In his report, Murphy, an attorney in private practice and a former federal district judge, states that he is familiar with the initial disclosure requirements of Rule 26 and that Plaintiffs are “stretching FRCP 26(a)(1)(A) well past its breaking point.” Murphy asserts that “the comments [to the Rule] make clear that initial disclosures are just that and a party should make its initial disclosures based on the pleadings and the information then reasonably available to it,” and that “it is anticipated that initial disclosures will be supplemented as time passes.” Murphy contends that Green had no reason to believe there was other insurance available to cover the joint venture and that Plaintiffs’ attorney negligently failed to serve detailed discovery requests to find out whether additional coverage existed beyond the joint venture policy. Murphy then propounds the following four opinions:

1. If there is coverage beyond that disclosed by Mr. Green, the plaintiffs’ lawyers neglected their duty to their clients by submitting a time-limited settlement demand before conducting the routine discovery that due diligence requires;

2. Mr. Green, as attorney for the defendants, did exactly what FRCP 26 required of him and he was not required at that time to conduct a thorough and complete investigation as to what other policies of insurance might provide additional coverage for plaintiffs’ claims. He made completely accurate “initial disclosures”;

3. It is not reasonable to rely only on information in initial disclosures to determine insurance coverage in a serious case (emphasis in report); and

4. The plaintiffs’ lawyers had ample time to satisfy themselves whether there was additional insurance available even after they had agreed to the $1,000,000.00 settlement, as the release was not signed until twenty months later.

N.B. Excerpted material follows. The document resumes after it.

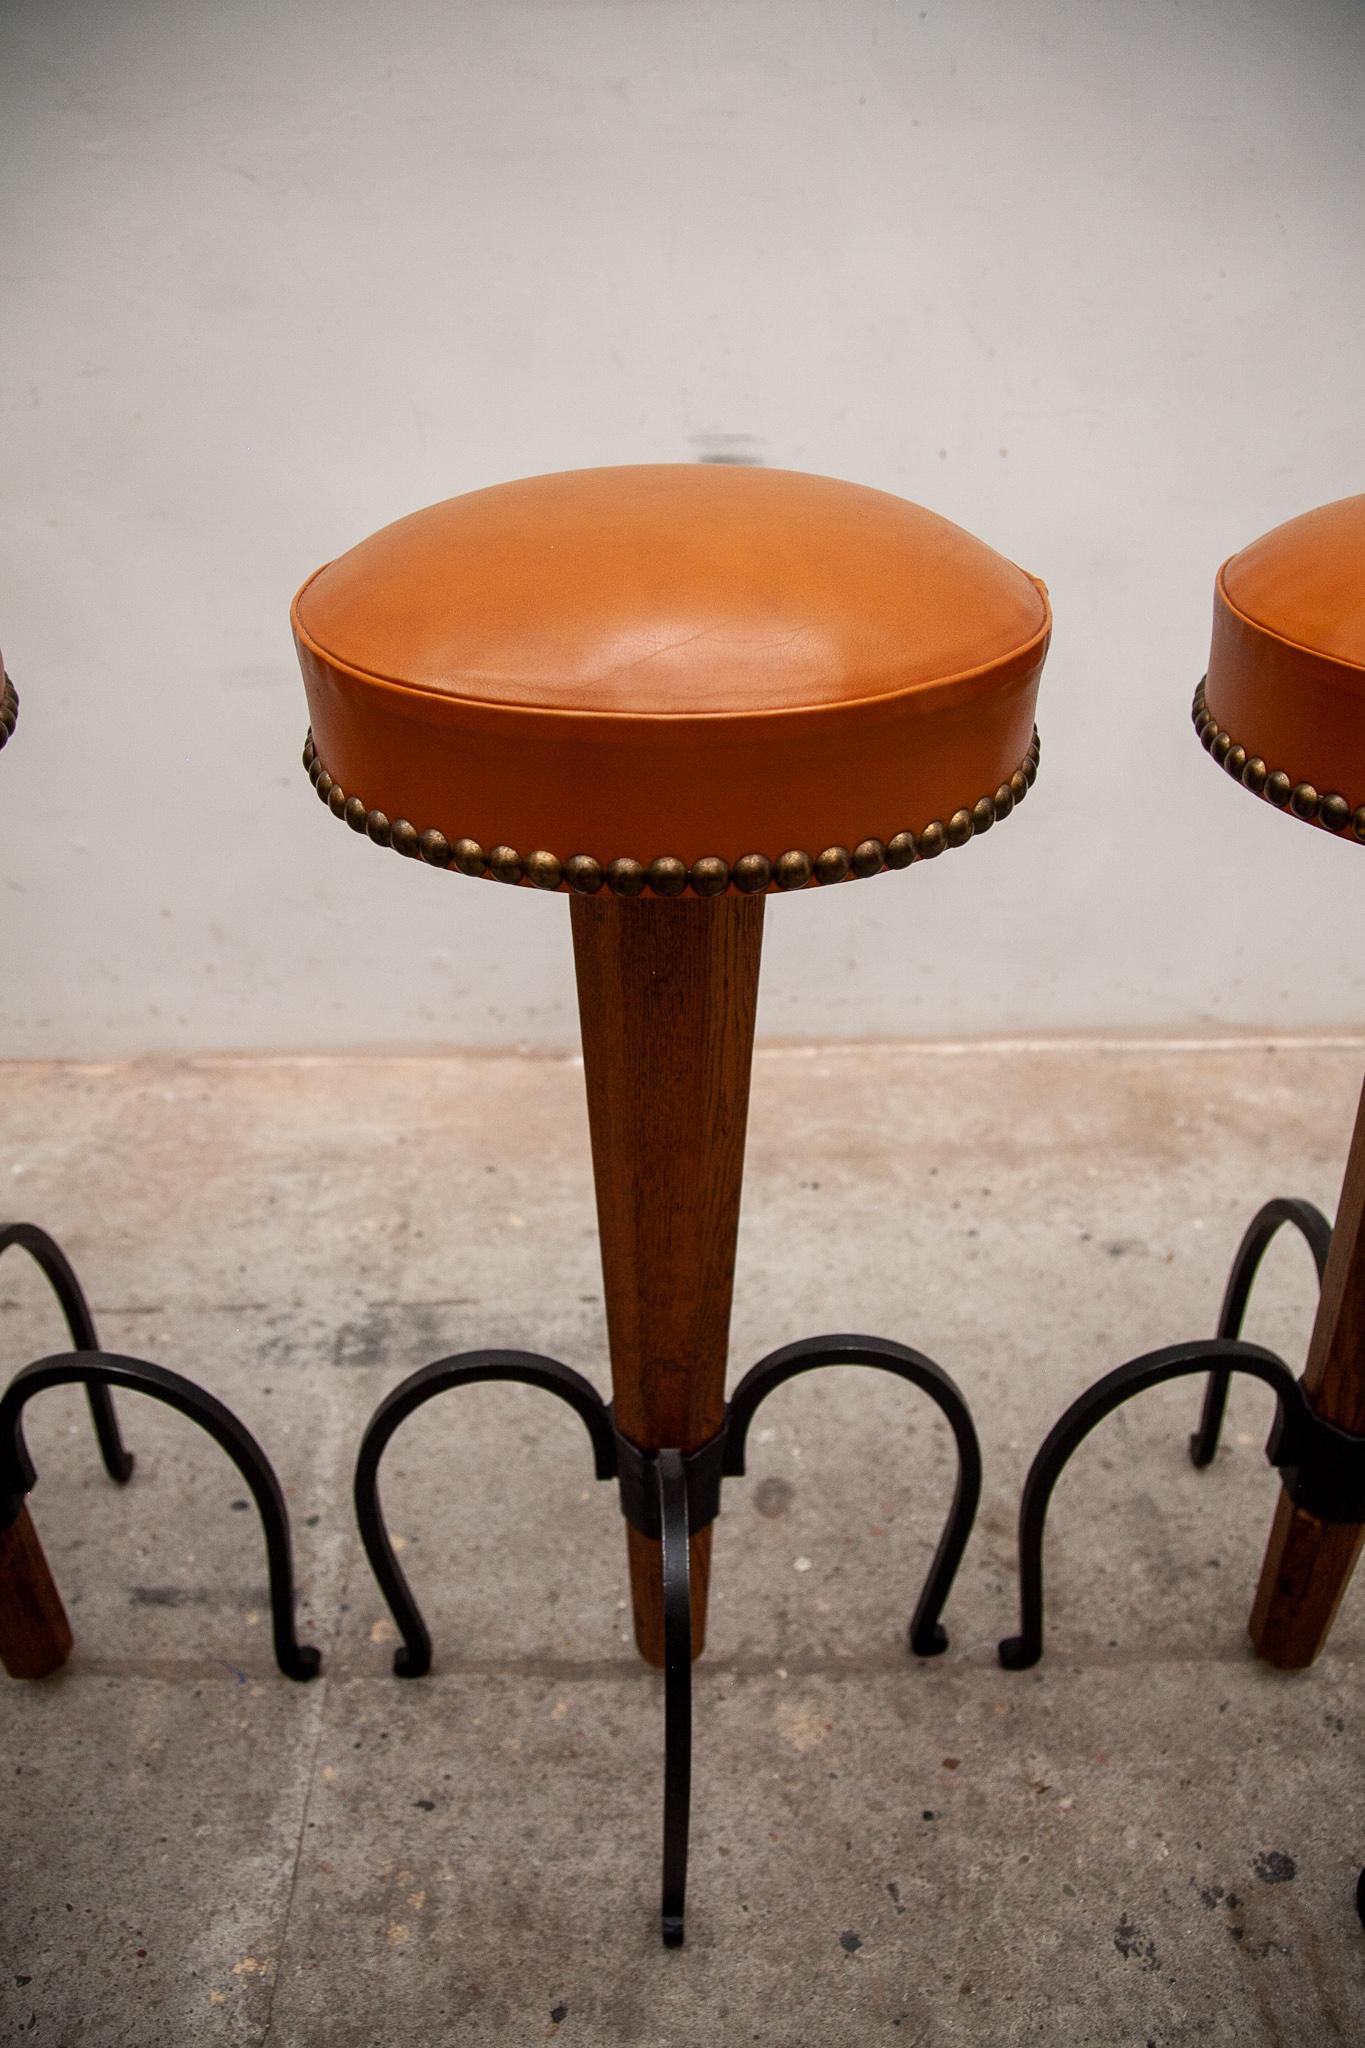 Set of four Brutalist Stools Wrought Iron, Round Camel Leather Seats 4

Plaintiffs first contend that Murphy’s second opinion is an improper legal conclusion. Next, Plaintiffs assert that the remaining opinions should be barred because they are based upon an assumption that the initial disclosures prepared by Green were appropriate and they shift the burden of discovery onto Plaintiffs when Defendants were under an obligation to automatically produce insurance agreements pursuant to Rule 26.

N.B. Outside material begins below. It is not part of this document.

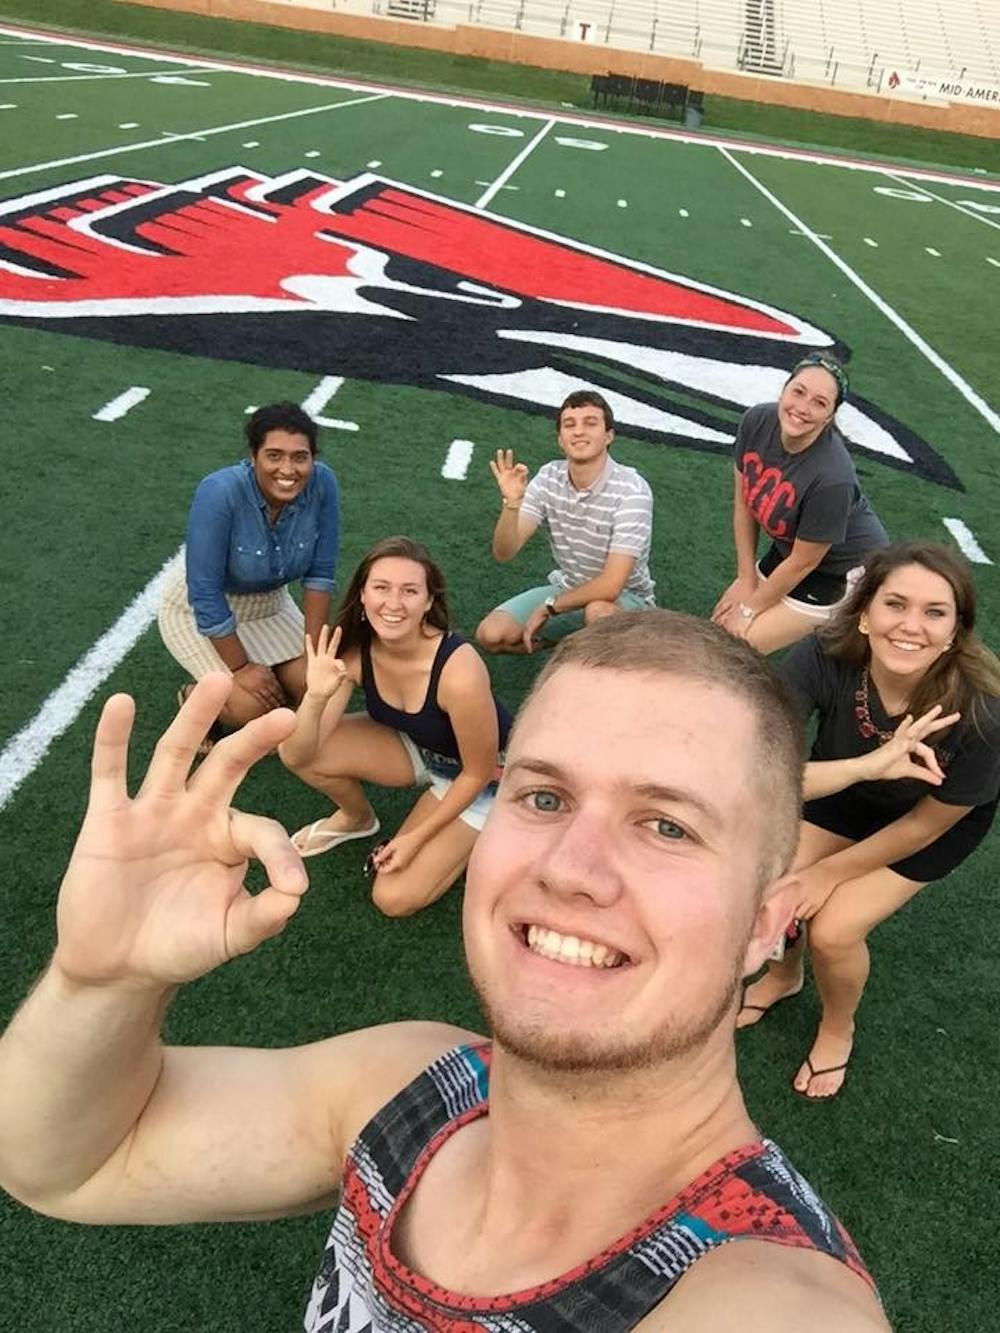 <p>Former SGA Vice President Bryan Kubel and others pose for a photo on Sept. 1 at Scheumann Stadium. The group went out to practice for the Cardinal Project, which is taking place after the football game on Sept. 3 at Scheumann Stadium. <em>PHOTO COURTESY OF FACEBOOK</em></p>

It is well-established that expert witnesses may not testify to legal conclusions or to the applicability or interpretation of a particular statute or regulation. Further, an expert witness may not offer an opinion or legal conclusion on issues that will determine the outcome of the case.

The Court concluded that Murphy’s second opinion invades on the province of the Court to interpret the requirements of Rule 26. Whether Green complied with Rule 26 is a question of law that is clearly reserved for this Court. Similarly, whether Plaintiffs’ Counsel’s actions were “negligent” is also an inadmissible legal conclusion which Mr. Murphy may not proffer.

However, Murphy’s remaining three opinions are relevant to the issue of sole proximate cause and he is clearly qualified by experience to give them. Further, the Court found that his testimony in that regard will assist the jury in determining issue of sole proximate cause.

CONCLUSION

For the foregoing reasons, Plaintiffs’ Motion to Strike is GRANTED as to Murphy’s above-stated second opinion and opinion that Plaintiffs’ Counsel was negligent.

ZALMA OPINION

The court properly limited the testimony of the expert whose report exceeded propriety by making conclusions of law and the ultimate issue. However, he can testify as to proximate cause. There is no question that a lawyer, before agreeing to settle a major injury case, must establish every available insurance policy and all assets available to pay a judgment. The plaintiffs’ lawyers in this case relied on a discovery response and did not look further and now seek to recover for their own errors and sloth.